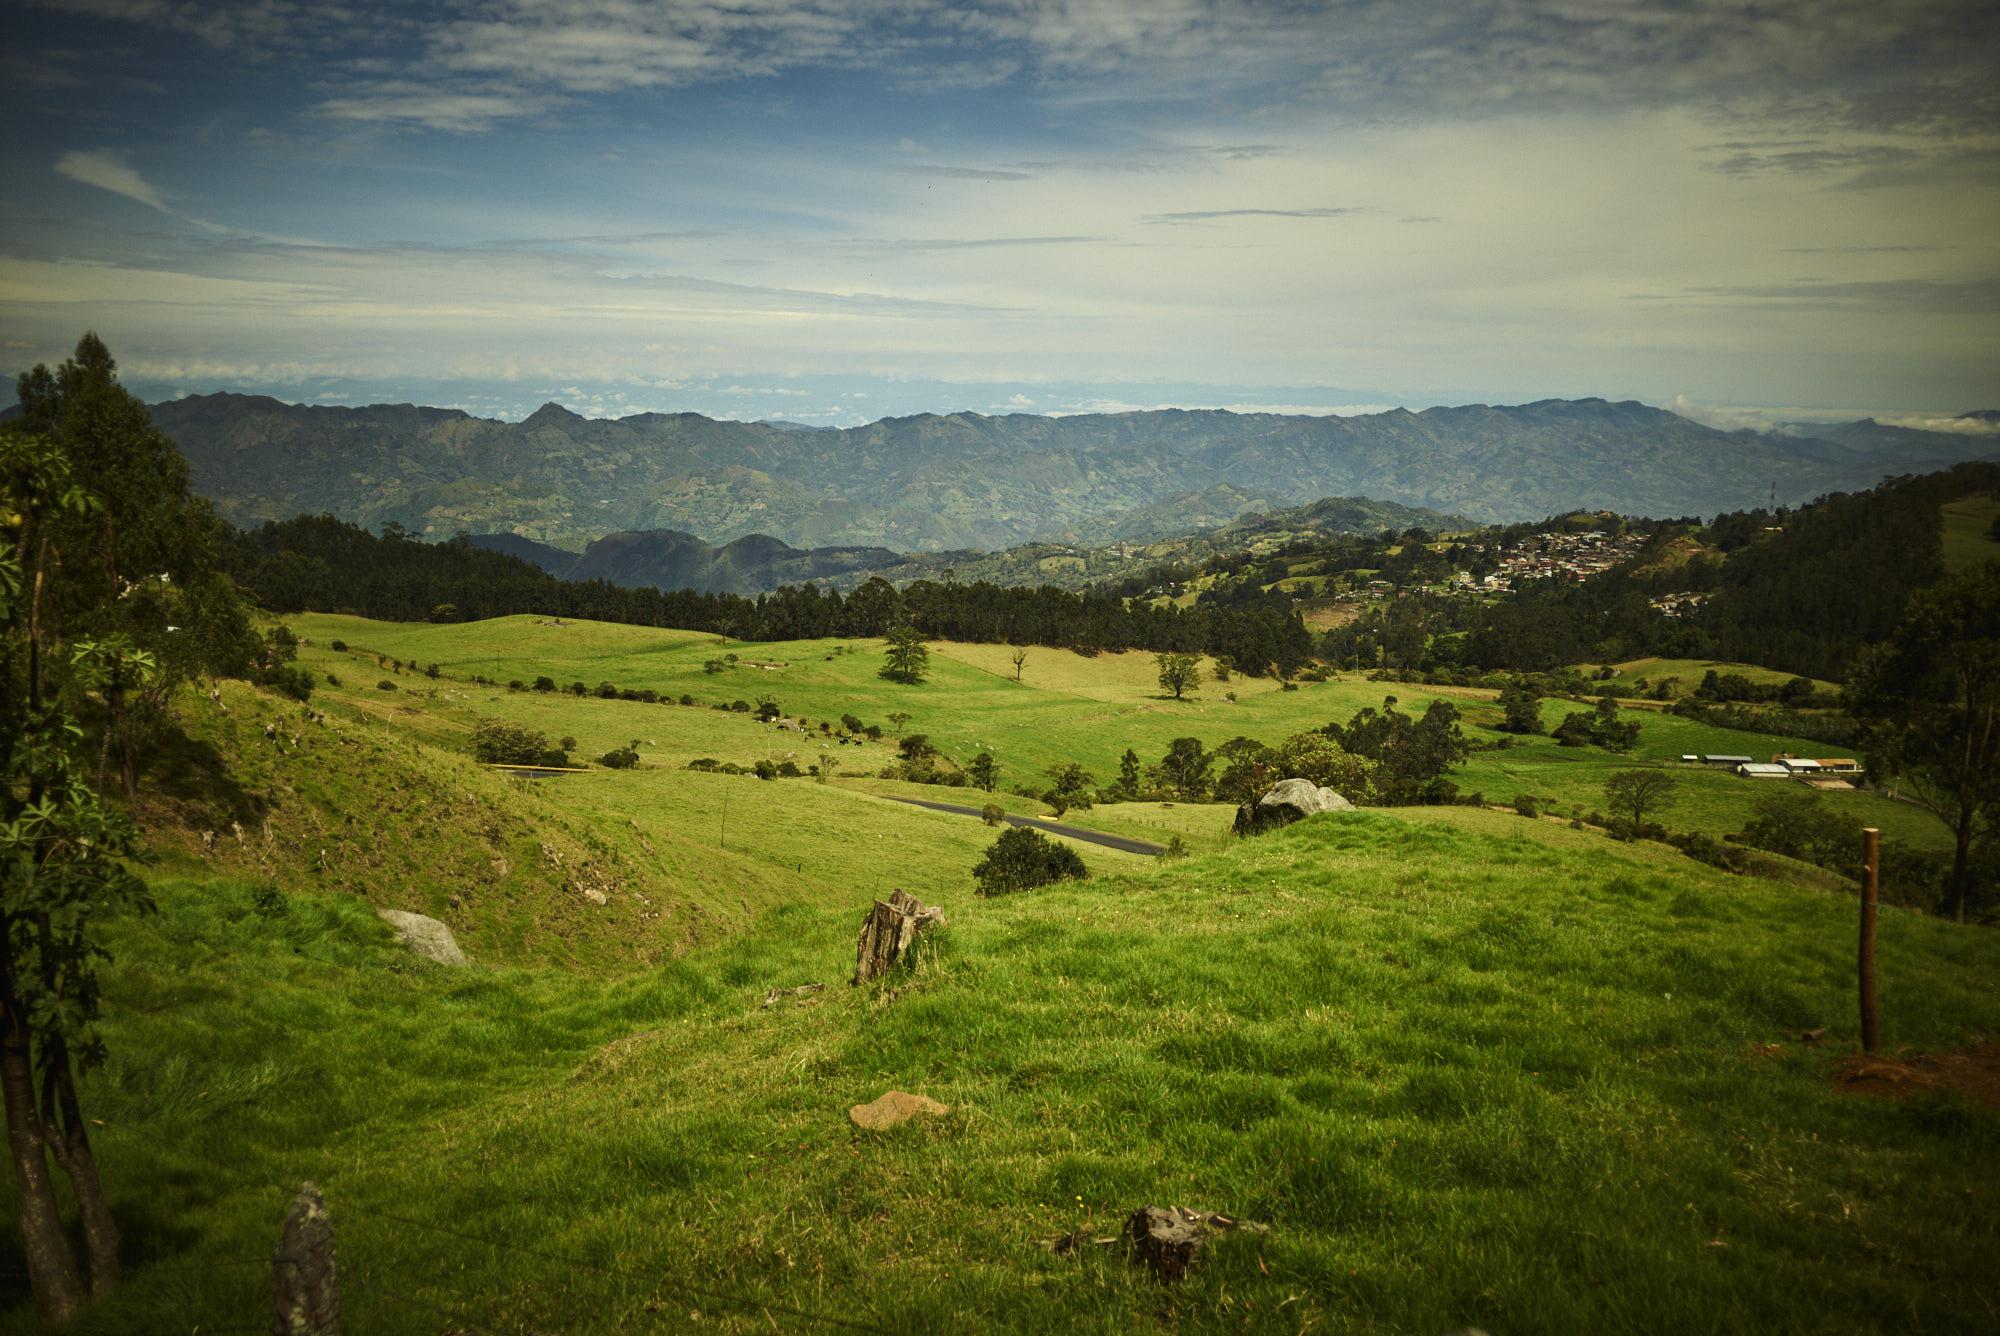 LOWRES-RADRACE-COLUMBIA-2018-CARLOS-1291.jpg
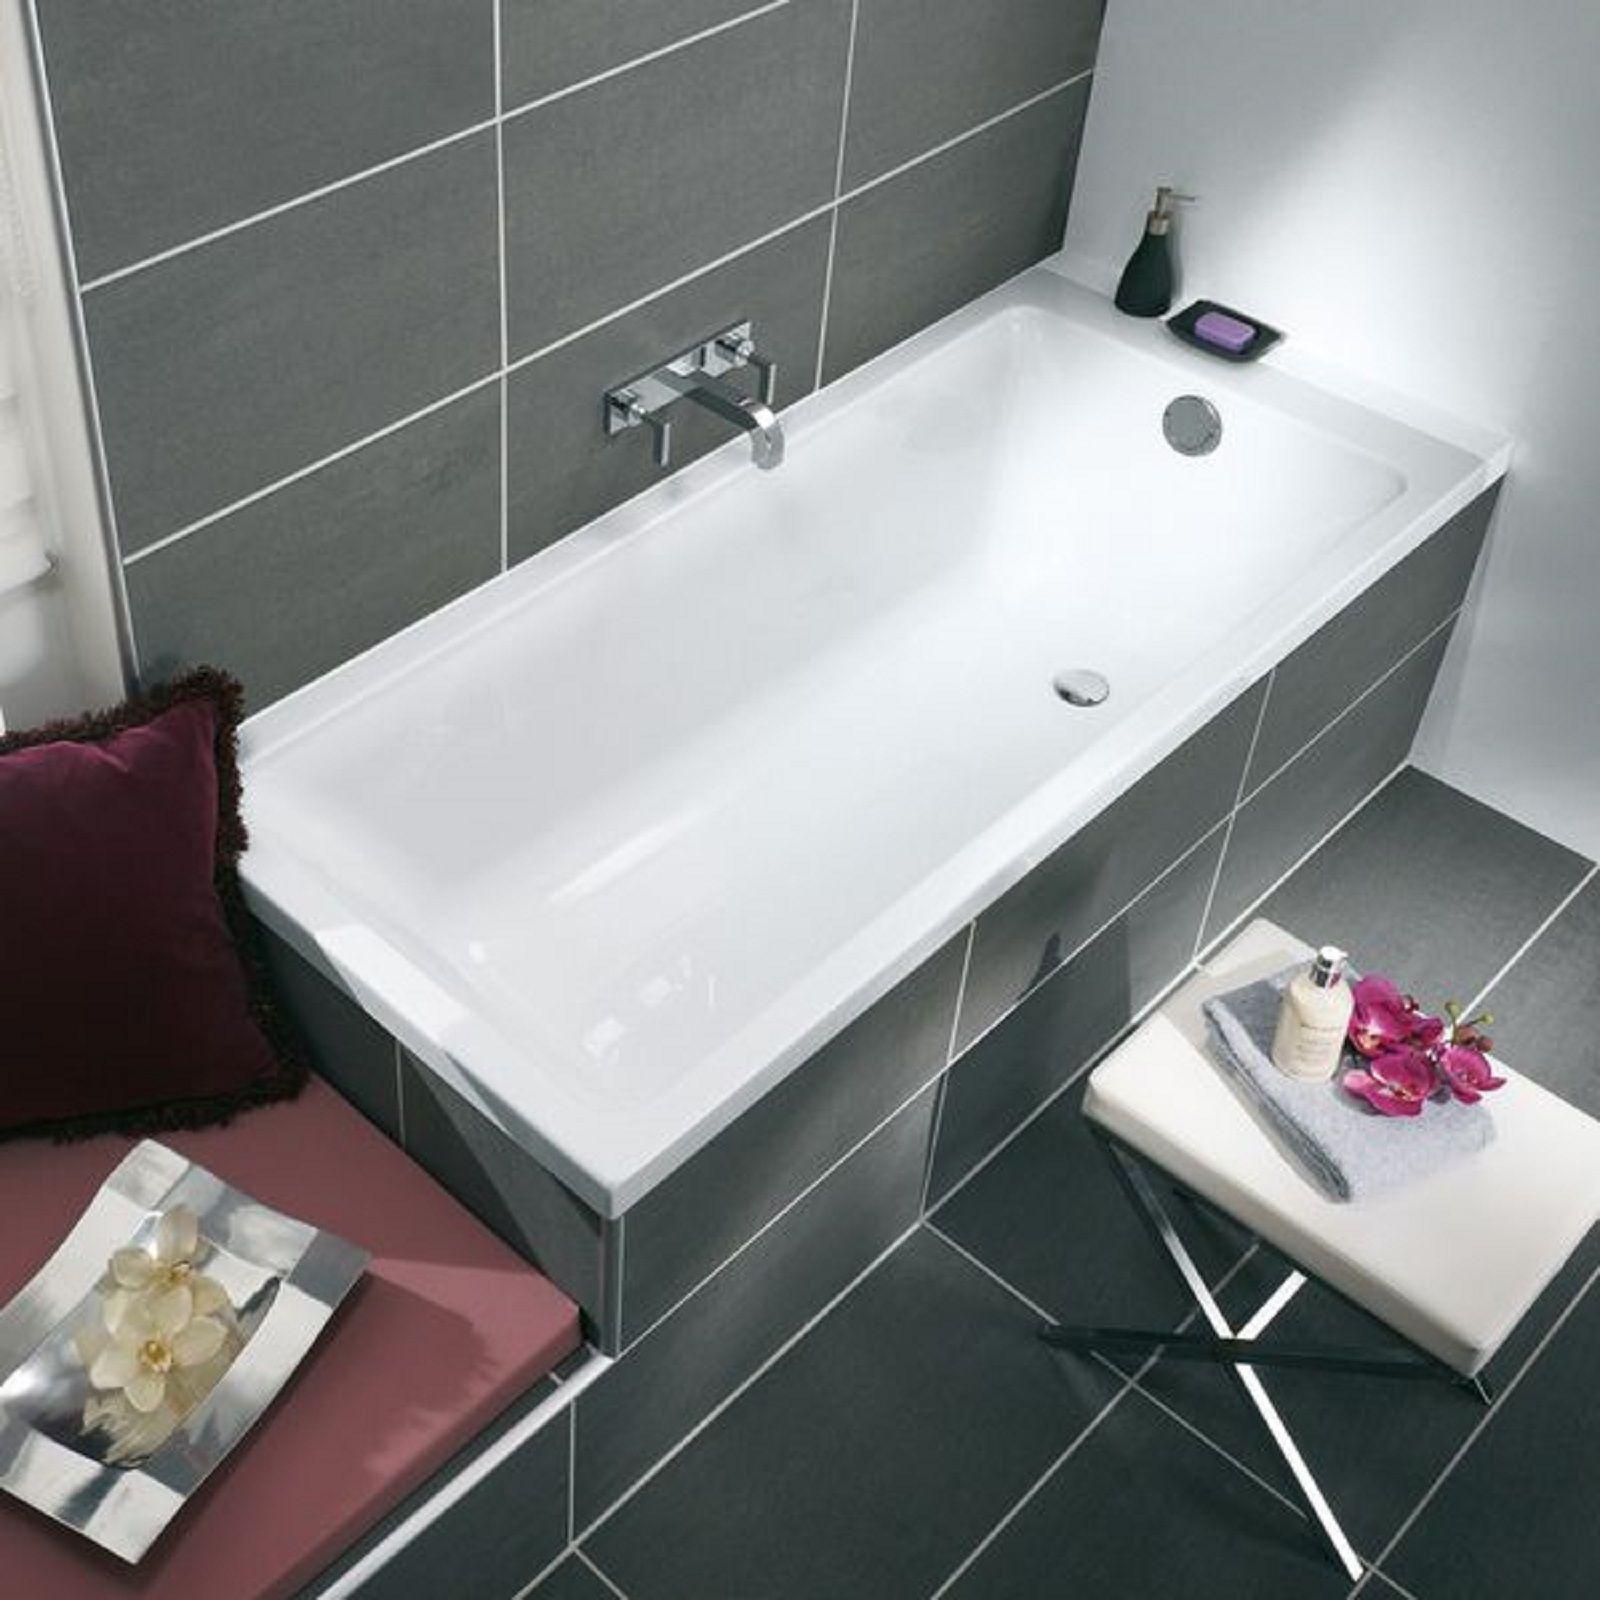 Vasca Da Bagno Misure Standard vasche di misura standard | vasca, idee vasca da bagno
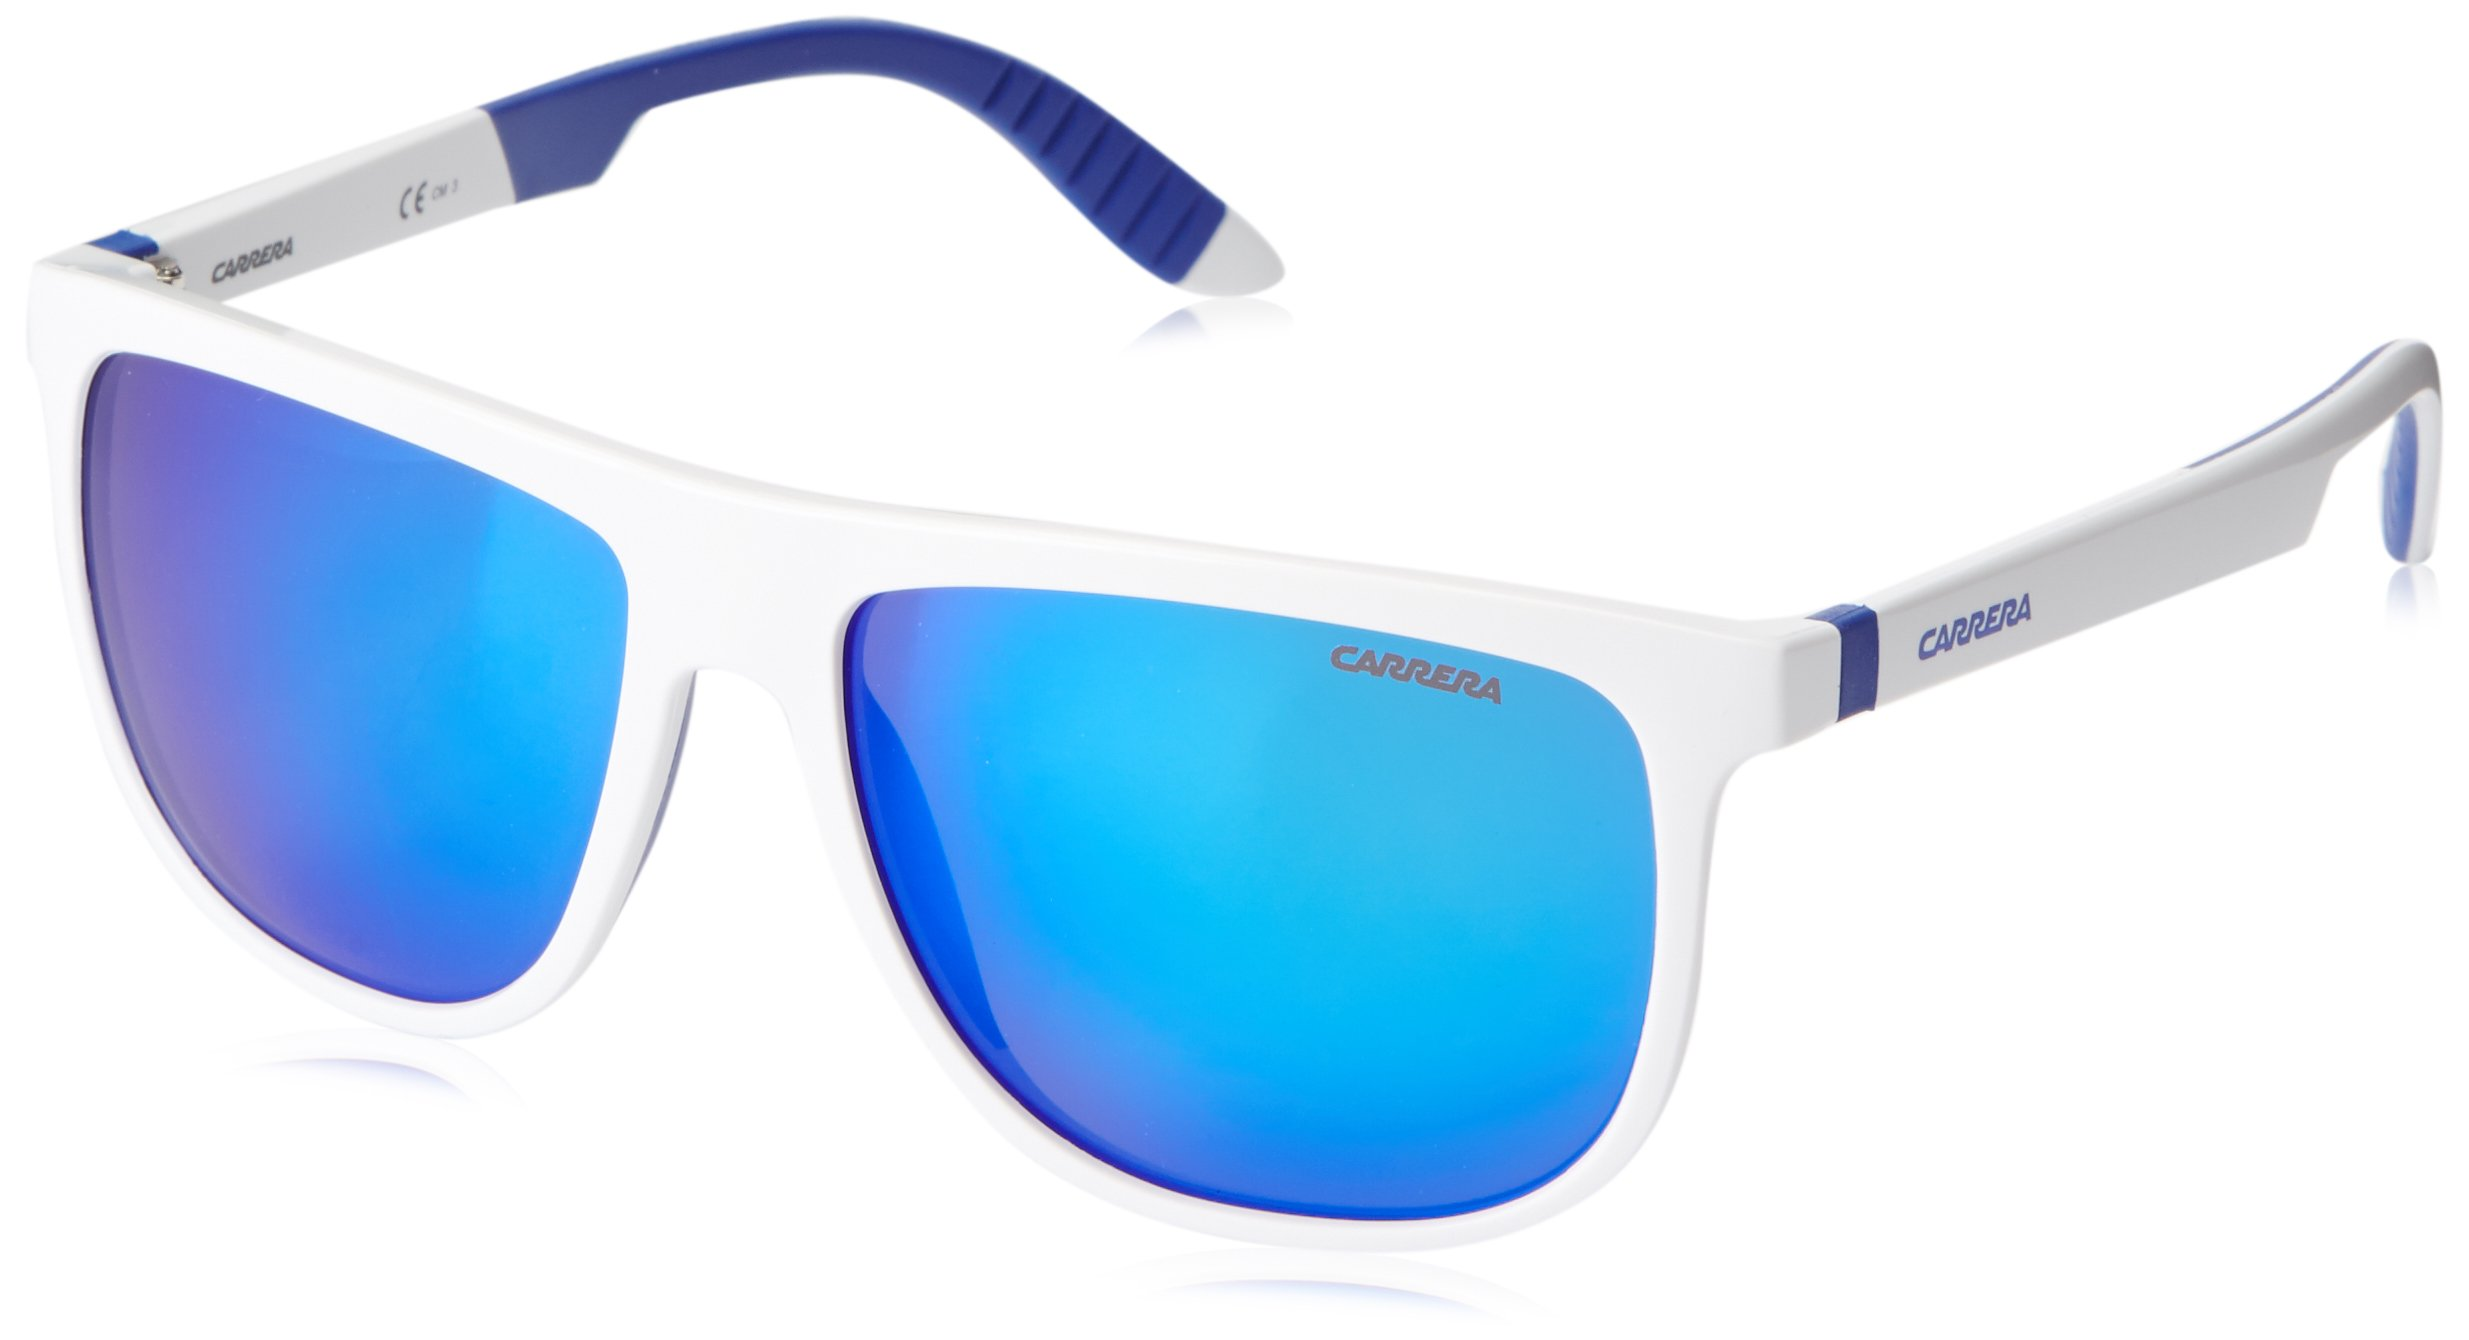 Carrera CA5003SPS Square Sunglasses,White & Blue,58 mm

Requirement. Your reply should hold every line above exactly as written and none of the pictures.

Response area.
 LOWRES-RADRACE-COLUMBIA-2018-CARLOS-1291.jpg
 Vasca Da Bagno Misure Standard vasche di misura standard | vasca, idee vasca da bagno
 Carrera CA5003SPS Square Sunglasses,White & Blue,58 mm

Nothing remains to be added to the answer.